Green Mountain Coffee (GMCR) is a battleground stock that is heavily shorted. Its patent on the K-Cup will expire next year. Cramer would stay out of this "no man's land" stock.
CEO Interview T.J Rodgers, Cypress Semiconductor (CY)
Cypress Semiconductor (CY) is a company whose future seems brighter than its past. This $3 billion company makes programmable chips for mobile phones and tablets, and specializes in chips for touch screens. Cypress reported a decent quarter with a 3 cents earnings beat and in-line 14% growth in revenues. Touch screen chip sales were up a staggering 208% year over year and 14% from the last quarter. The stock rallied 5% the day it reported, but has pulled back on macro concerns and weakness from some of its clients. Cypress introduced a dividend of 1.8% and is buying back 13% of the company. Cramer thinks Cypress is cheap, even though it has gained 388% since he got behind the stock in 2008.
CEO T.J. Rodgers expressed confidence for the coming year with accelerating demand for touch screen technology. Patents are driving the company's success, and Cypress has 1,800 of them. Rodgers reported that even in slow times, the company has reported a 20% profit increase, mainly because Cypress is running a tighter ship: "We are no longer Silicon Valley cowboys."

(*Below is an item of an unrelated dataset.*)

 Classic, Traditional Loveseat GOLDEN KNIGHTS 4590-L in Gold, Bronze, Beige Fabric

Cramer thinks worried analysts are concentrating only on the next 6 weeks, not the next 6 years, and expects a strong 2012 for Cypress.
So much fuss is made about competition in tech, but is every face-off between companies a battle to the death or are there some duels that are more like sibling rivalries? Cramer thinks there is room for all of the quality tech companies. People are fond of thinking that Arm Holdings (ARMH), with its close relationship with Apple (AAPL,) is the future and Intel (INTC), represents the past. While Intel's end markets are slower, they have stabilized, and Intel still has a hold on servers and data centers. The company is also making chips for super thin notebooks. In addition, Intel is cheap, and trades at 10 times next year's earnings with monster cash flow and a 3.4% dividend. Arm Holdings (ARMH) is taking significant market share, but trades at a rich 48 times next year's earnings. There is room for both stocks; investors who want steady income growth should buy Intel, while the risk averse should buy Arm Holdings.

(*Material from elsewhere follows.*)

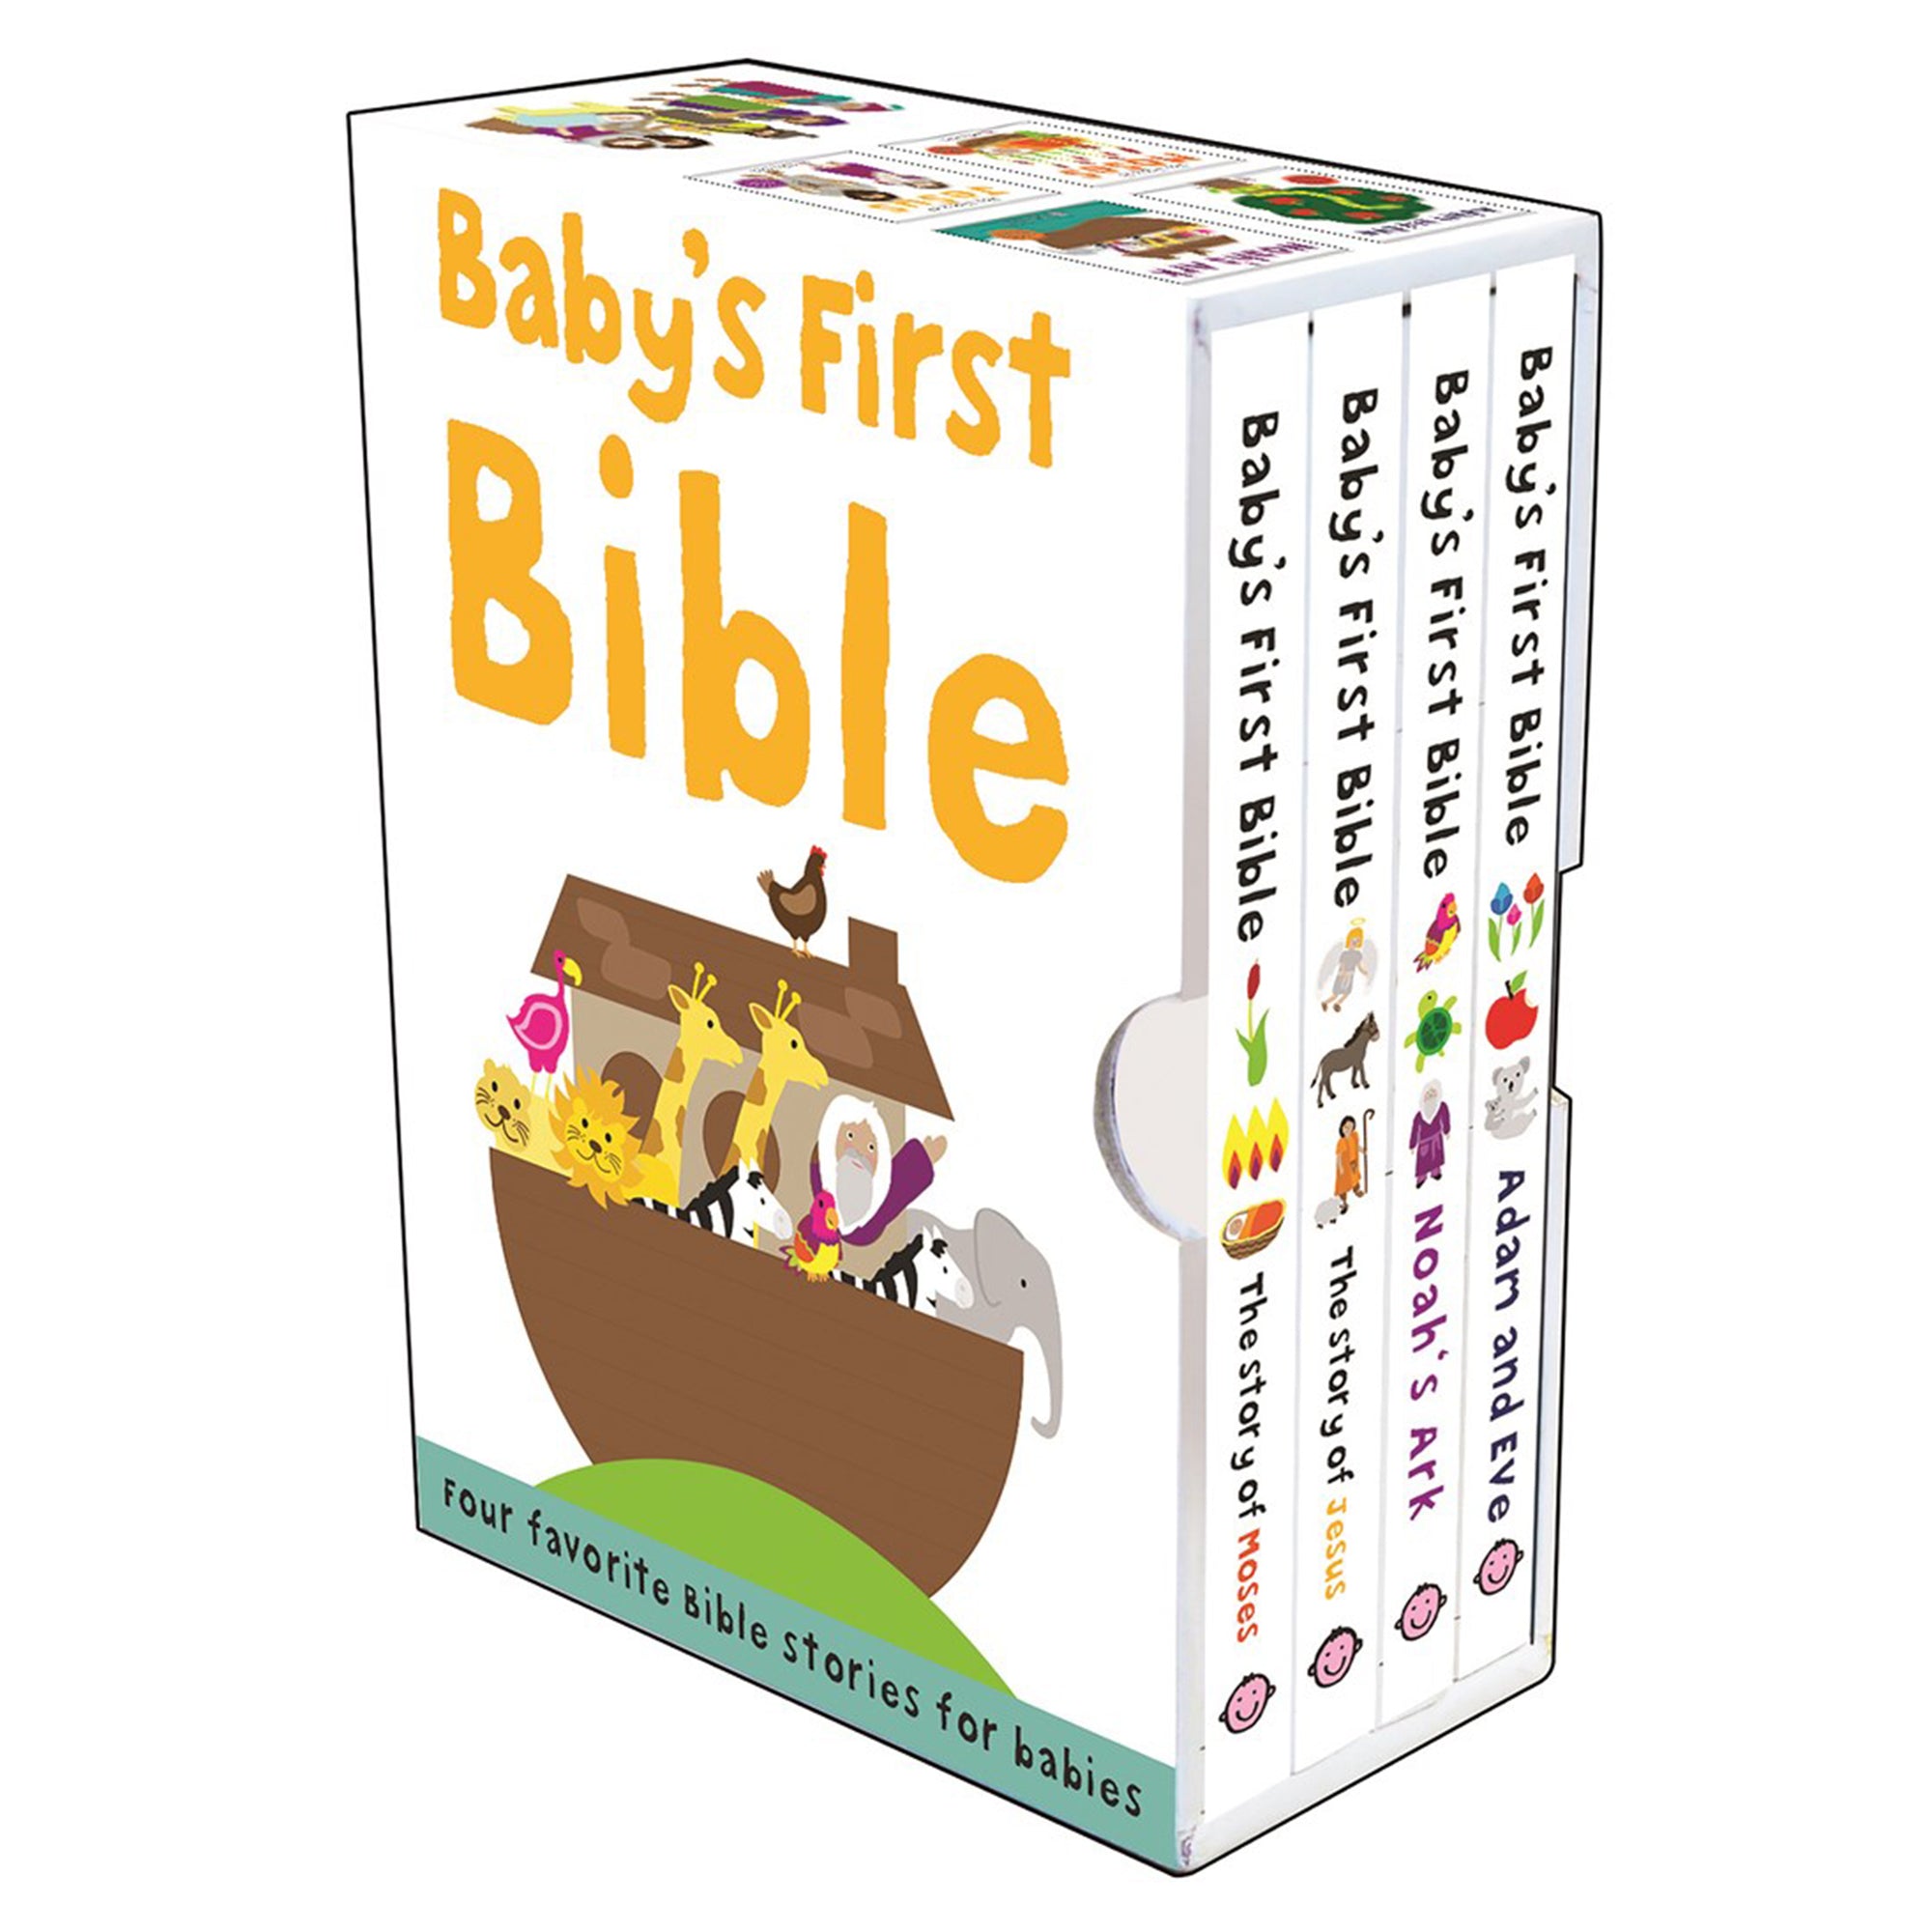 Baby's First Bible Stories Boxed Set

Amazon's (AMZN) quarter disappointed the Street because it is going to have to spend to invest in its own business, but Amazon is doing the right thing if it wants to drive out brick-and-mortar retailers and set its Kindle Fire ablaze. Apple (AAPL) is doing everything right, and while the last quarter wasn't stupendous, the stock still trades at a multiple of 10.4, which is cheap for the industry. Competition from Amazon is not a problem for Apple.
Google's (GOOG) Android might pose a threat to Apple, but demand for smartphones is so strong, there is room for both companies' phones. Especially since Research in Motion (RIMM) seems to be on its last legs, there is room for both Google and Apple to stand firm in the smartphone industry.